The residual activity (RA) at peak time plus 5 min was specified as the percentage of counts 5 min after the peak time divided by the maximum counts.

2.4.Kidney Scintigraphy
All kidney scintigraphy was also conducted on a double-headed gamma camera (Axis, Philips Medical Systems, Eindhoven, Nederland) equipped with a low energy all-purpose parallel hole collimator. The energy window around the 140 keV photopeak of [mTe]Technetium was 15%. After injection of 95±11 MBq[99mTc]-Mercaptoacetyltriglycine3(MAG3), dynamic planar images from the dorsal were acquired over 20 min (120 frames, 10 s per frame) in a 128× 128 matrix. As for salivary gland scintigraphy, the data were analyzed using Hermes Hybrid 3D software (Hermes Medical Solutions, Stockholm, Sweden). For this, ROIs were drawn around each kidney. The background ROIs were then automatically drawn by the software.
From the generated time-activity curves, the relative function of the kidney was determined from the slopes of the right and left Patlak plots [36-38]. Since no blood samples were taken during the renal scintigraphy, the clearance parameters were determined using a camera-based method without blood or urine sampling. Therefore, we determined a measure of clearance similar to the methods that have been previously published [39,40]. Because the counts of the injected activity were not available, we could not express the clearance in terms of the percent of uptake. Thus, we normalized the integral from 0.7 to 2 min over the renogram curves to the amount of the injected activity, which should be proportional to the injected counts using the same camera system for every patient.
2.5.PSMA-PET Imaging
Following our therapy protocol, all patients underwent [68Ga]Ga-PSMA PET examination prior to the initiation of the therapy and four weeks after the third treatment cycle. The scan was carried out 60 min after the application of 173.5±16.3 MBg [68Ga]Ga-PSMA. Imaging was performed with four-bed positions at 5 min scan time, thoroughly described in [41]. Accordingly, the parotid gland was not fully imaged in PET scans and, thus, a volume of interest (VOI) was generated only for the submandibular gland.
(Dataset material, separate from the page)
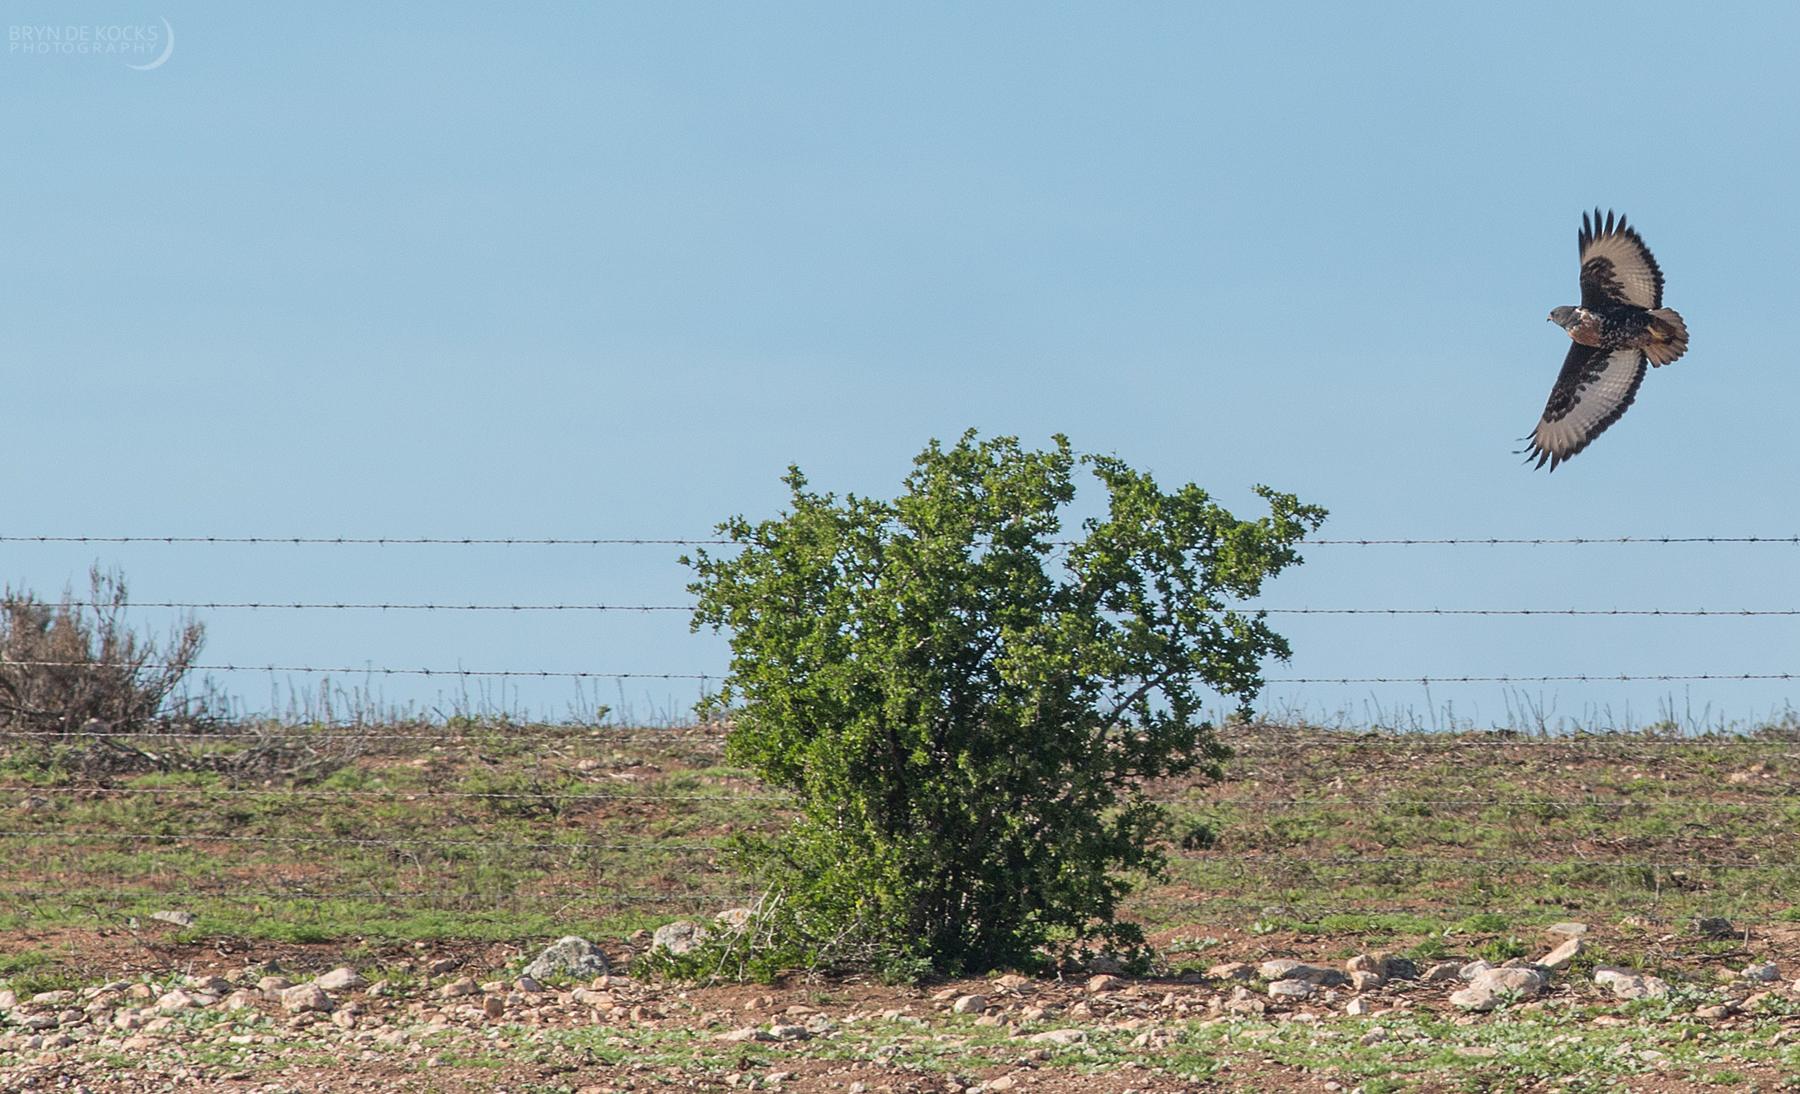 jackal-buzzard

To estimate the metabolic volume and the maximum standardized uptake value (SUVmax) of the submandibular glands, a cubic VOI was placed around the submandibular glands and then a threshold value of 10% of the maximum pixel value within the VOI was used for the delineation of the corresponding submandibular gland, as described previously in van Kalmhout et al. study [42].
2.6. Statistical Analysis
Descriptive statistical analysis was conducted with the software IBM SPSS Statistics version 24.0. The Kolmogorov-Smirnov test was applied to check the distribution of the values. Non-normally distributed data were presented as medians and ranges while normally distributed data were expressed as mean + standard deviation. Other mentioned statistical analysis was performed using MedCalc v19.1(Ostend, Belgium). One-way analysis of variance (one-way ANOVA)was used to test for statistically significant differences between the means of three or more groups. As a post-hoc test, the Scheffe test was conducted to find out which pairs of means were significant. Cochran's Q test was used for the evaluation of the results of the questionnaire concerning mouth dryness. A p-value lower than 0.05 was considered statistically significant.